02 fevereiro 2016
Clichê
Em março ou abril
lançarei o
Manual do escritor
Só faltam o copidesque e
a revisão.
Segue um aperitivo
Clichê
É
repetição. É o oposto de criatividade.
Pessoas comentam
orgulhosos de sabedoria: “filho de peixe, peixinho é” ou “quem brinca com fogo
acaba se queimando” ou “em briga
de marido e mulher, ninguém mete a colher” e depois olham com cara de
superiores e narizes empinados como se tivessem dito a coisa mais sábia do
universo.
Sábio foi o primeiro que disse a frase antes de virar ditado. Os outros
são meros repetidores. E, para a literatura, nada pior que a previsibilidade.
Além dos ditos populares há vários outros lugares comuns que devem ser
evitados. É o caso do agente de viagens que afugenta clientes ao informar que a
cidade é hospitaleira, tem praias paradisíacas de areia branca e água
cristalina.
Os chavões refletem ausência de
pensamento:
Aluno exemplar; amargo destino; campos verdejantes; céu infinito;
coração estúpido; cortina de ferro; em última análise; dever indeclinável;
dramática situação; fim amargo; forte como touro; influência avassaladora;
ironia do destino; manto negro da noite; morrer como um passarinho; por
incrível que pareça; primeiro e único; rua da amargura; sem sombra de dúvida;
sério candidato; silêncio sepulcral, vil metal.
Inclua ponto
final na lista.
Ao revisar
fique atento às duplinhas. Se tiver dúvidas se o termo é ou não clichê
verifique o número de ocorrências assinaladas no Google.
Ironia do destino apresentou aproximadamente 560.000 resultados.
Coração estúpido apresentou aproximadamente 678.000 resultados.
Sério candidato apresentou aproximadamente 3.160.000 resultados.
Mesmo que
sejam “apenas” 10 mil ocorrências é um baita clichê.
Baita clichê apresentou aproximadamente 271.000 resultados.
O clichê de ideia é como o parente previsível
que no Natal nos presenteia com canetas, gravatas ou um par de meias. É o cidadão
que reclama dos políticos corruptos, é o filho que declara o amor incondicional
à mãe, é o leitor que fala mal da literatura de Paulo Coelho sem ter lido um
único livro, é o sujeito que sempre cumprimenta o Humberto perguntando se é
irmão do Doisberto.
Sabemos
que roubar um tênis é um mal. Isso é sabido desde sempre, sem que ninguém nos diga.

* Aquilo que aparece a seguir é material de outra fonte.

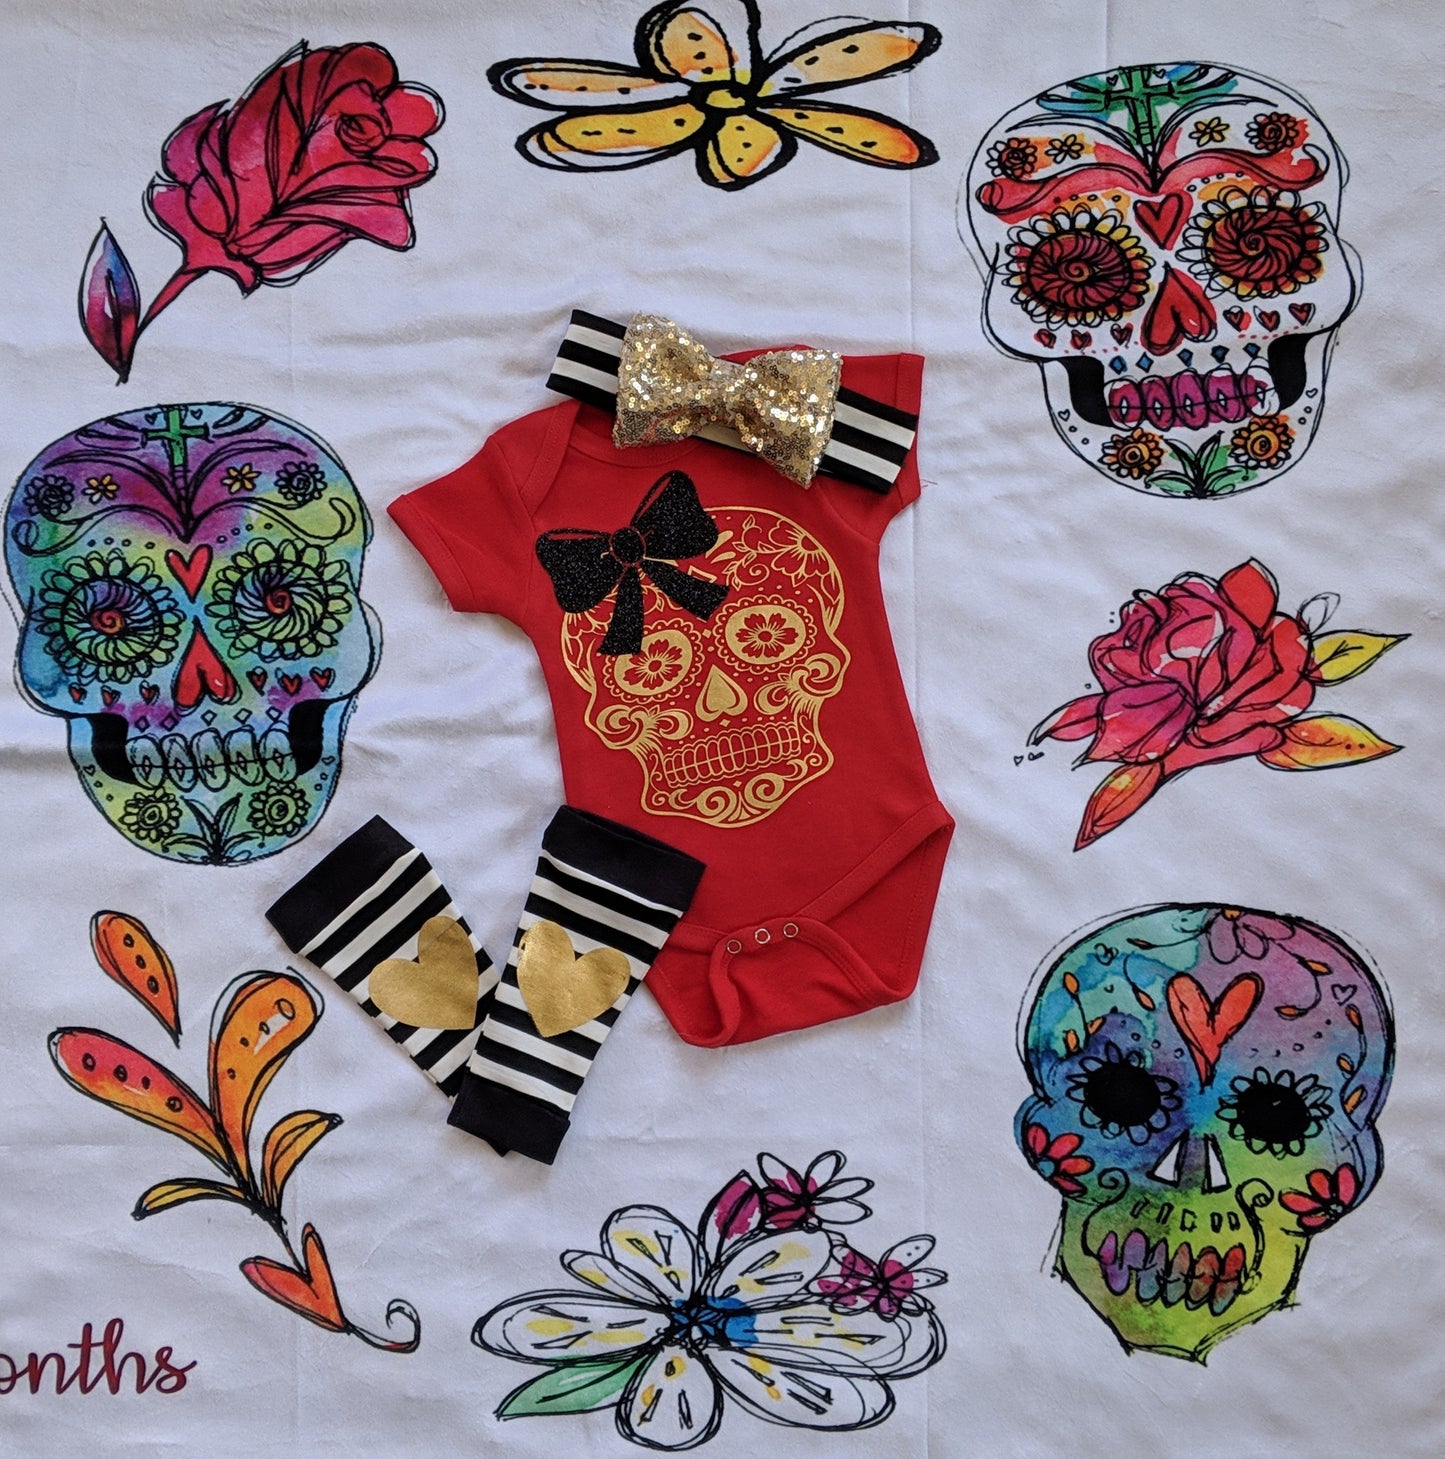 Girls Sugar Skull Outfit,Skull Bodysuit or Tee + Black White Stripe Leg Warmers + Sequin Bow Band,Handmade Goth Baby

Deixemos que o juiz o julgue. Cabe ao autor simplesmente mostrar que tipo de
gente rouba tênis.
O gesto clichê é tão indesejável na literatura quanto ganhar
um porta-retratos. Clichês físicos e gestos chavões
inundam a escrita medíocre.
Sabe, ele me ganhou com aquele olhar de soslaio.
— É mesmo?
— Convidei-o para vir na minha casa. Meus batimentos estavam a
mil por hora e minhas mãos também estavam úmidas.
— E vocês chegaram às vias de fato?
— Nem te conto, amiga, do hálito quente sussurrado no ouvido até
a mão grande com pegada forte, ele é tudo de bom.
— E depois?
— Ele é um amor. No café da manhã, pegou o pote de margarina e
desenhou um coração.
— Vocês se acharam, se completam. Formaram o par perfeito: Clichê e Chavão.